Supplied data ::

———

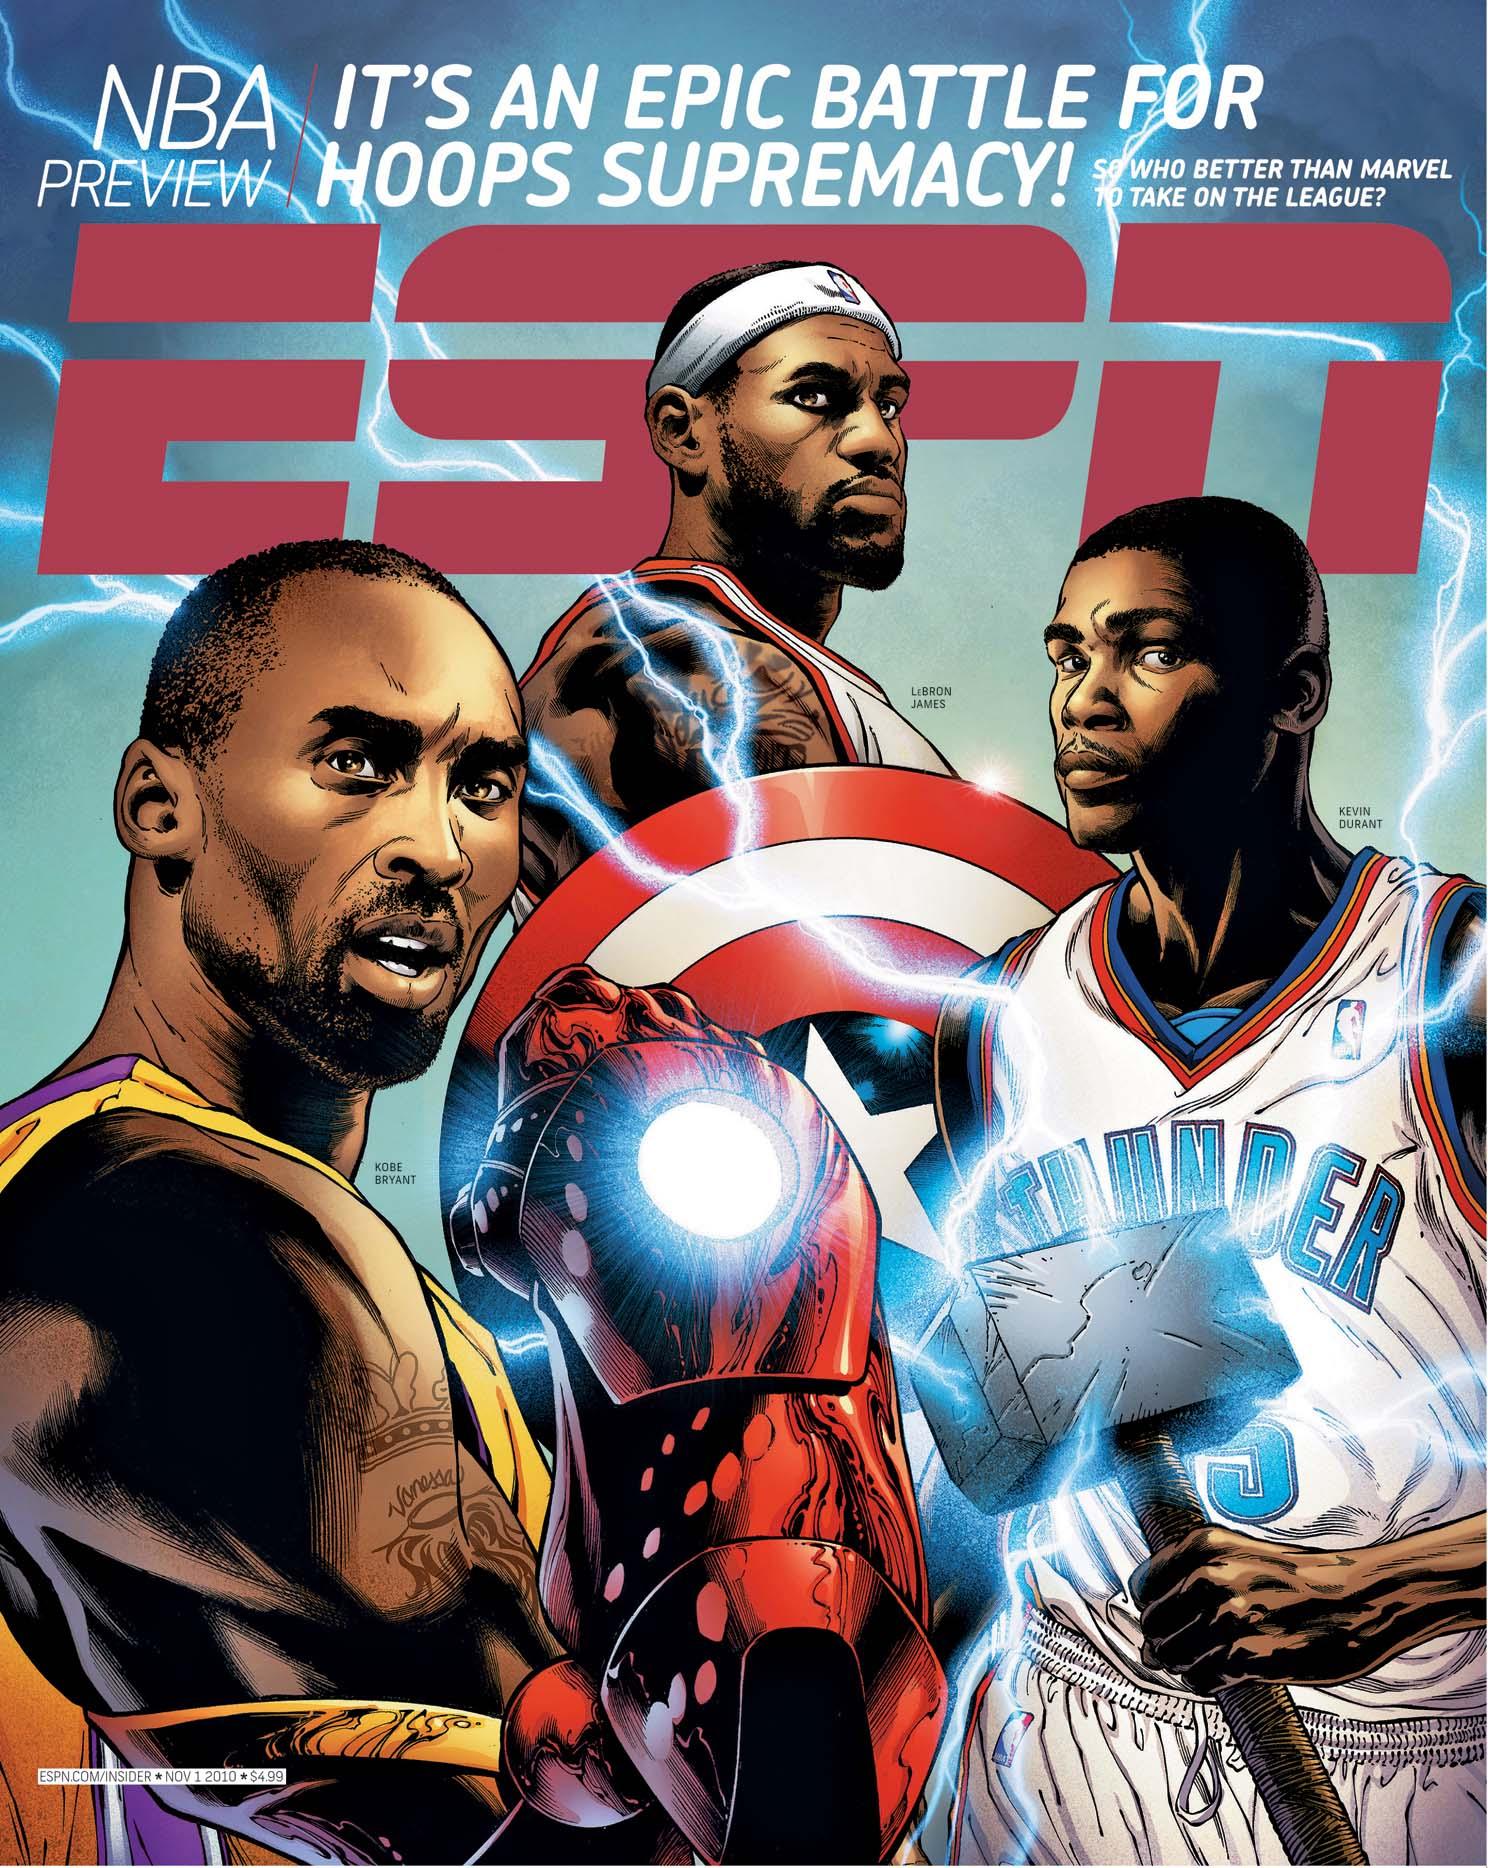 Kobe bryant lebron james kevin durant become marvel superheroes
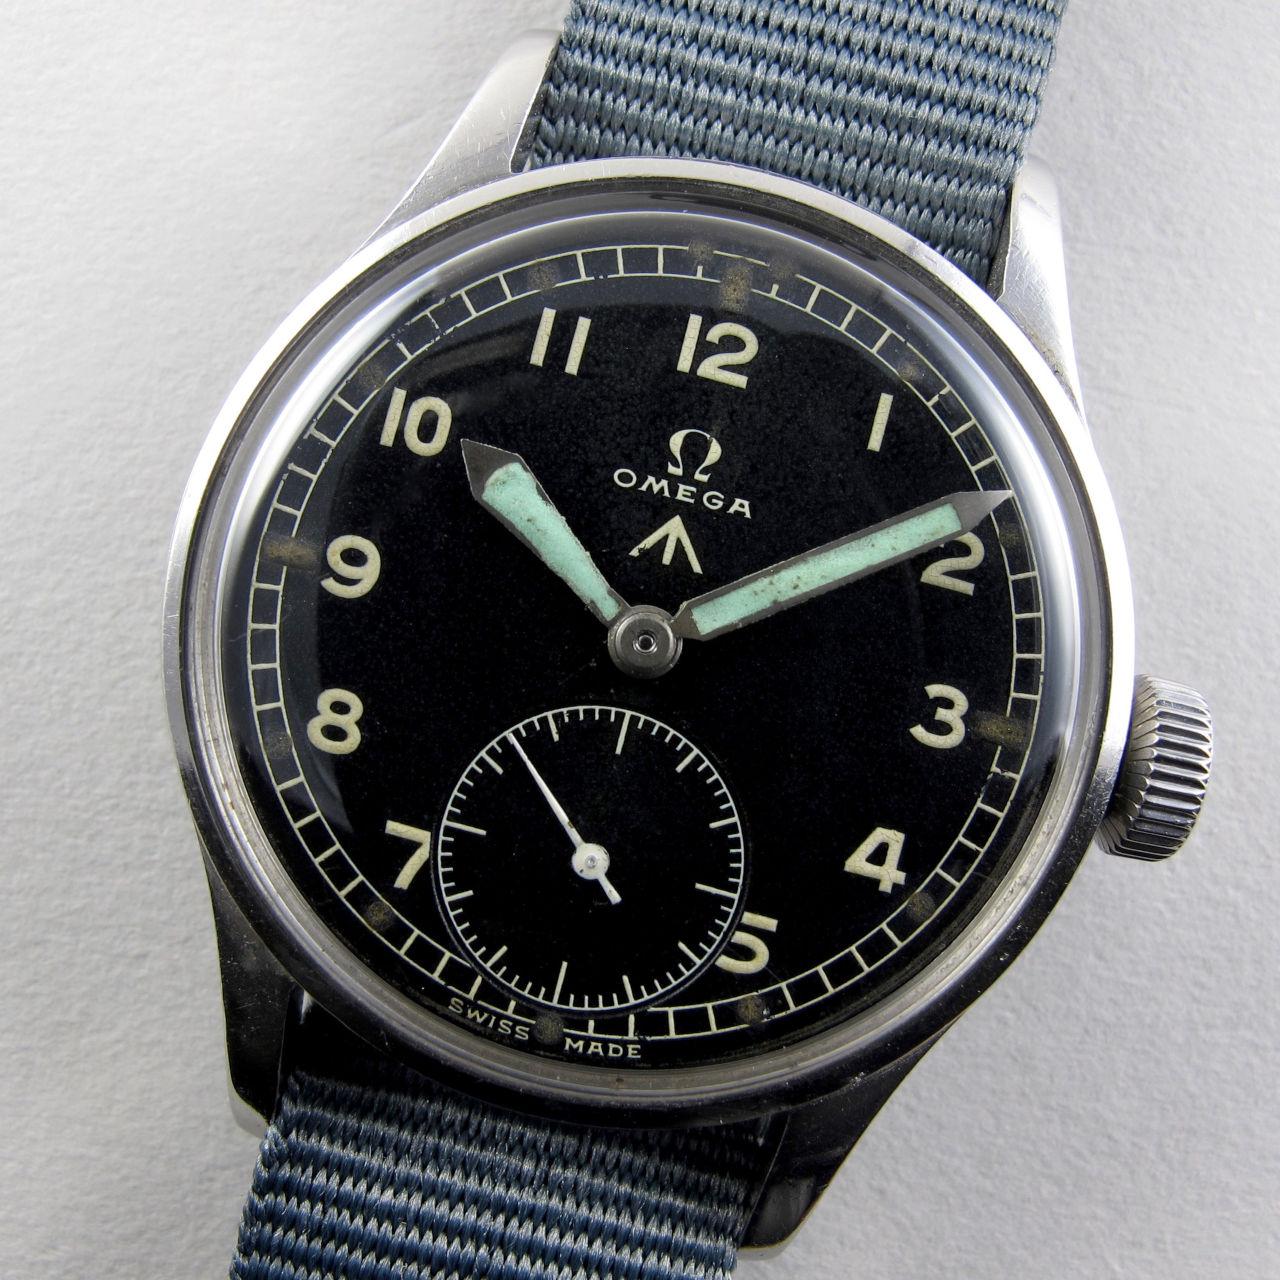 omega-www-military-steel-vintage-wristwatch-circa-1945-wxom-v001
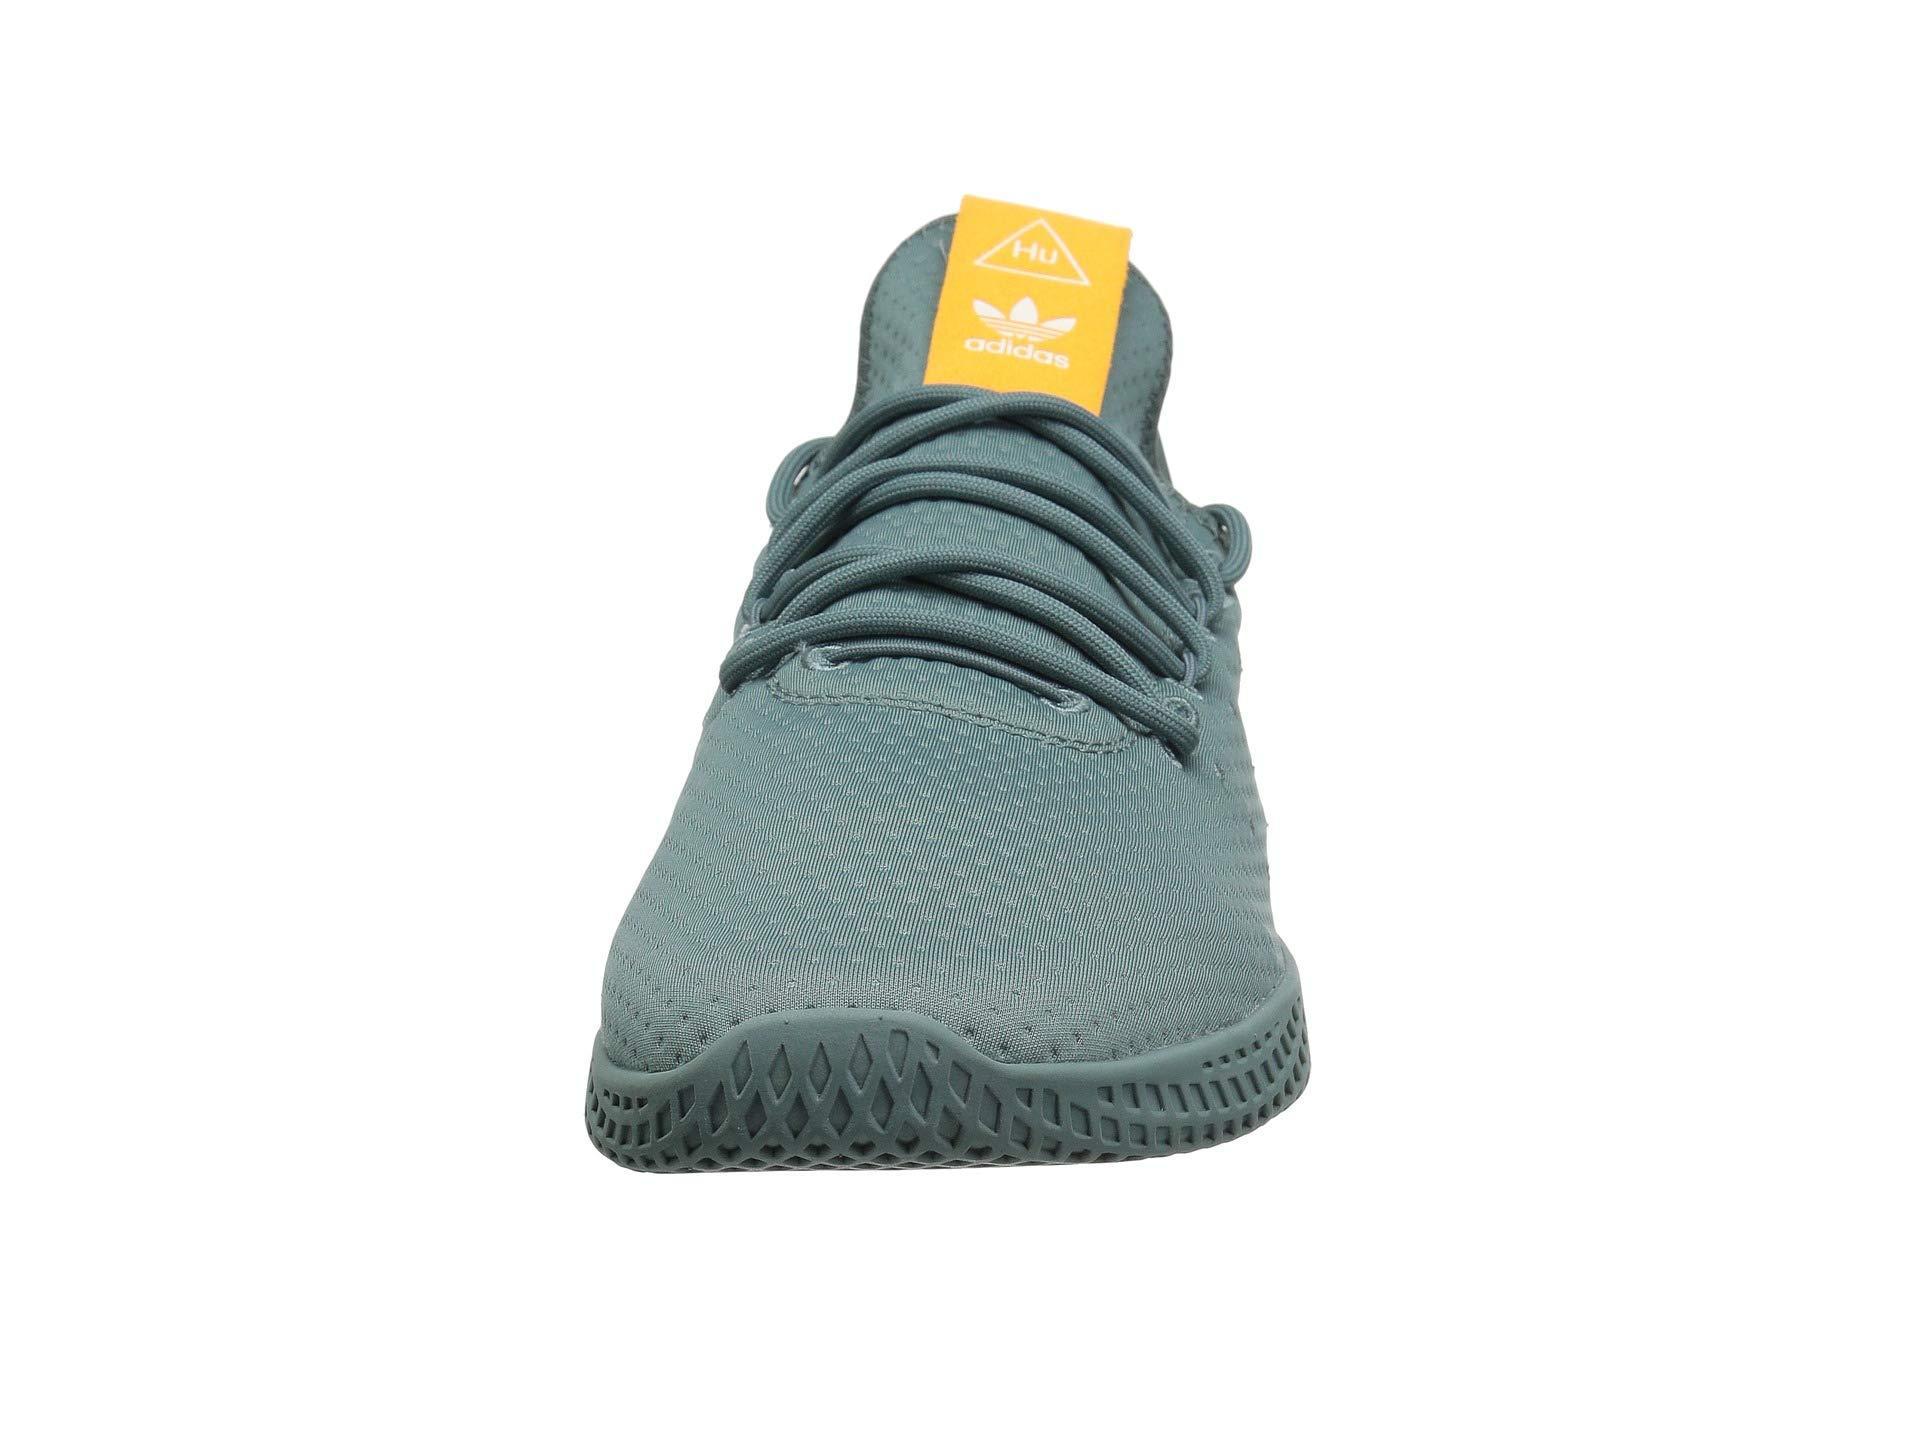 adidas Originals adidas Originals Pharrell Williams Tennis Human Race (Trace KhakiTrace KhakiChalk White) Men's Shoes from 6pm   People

———

What to do ::
Repeat every line above precisely; pictures do not belong in the copy.

Expected answer ::
 Kobe bryant lebron james kevin durant become marvel superheroes
 omega-www-military-steel-vintage-wristwatch-circa-1945-wxom-v001
 adidas Originals adidas Originals Pharrell Williams Tennis Human Race (Trace KhakiTrace KhakiChalk White) Men's Shoes from 6pm   People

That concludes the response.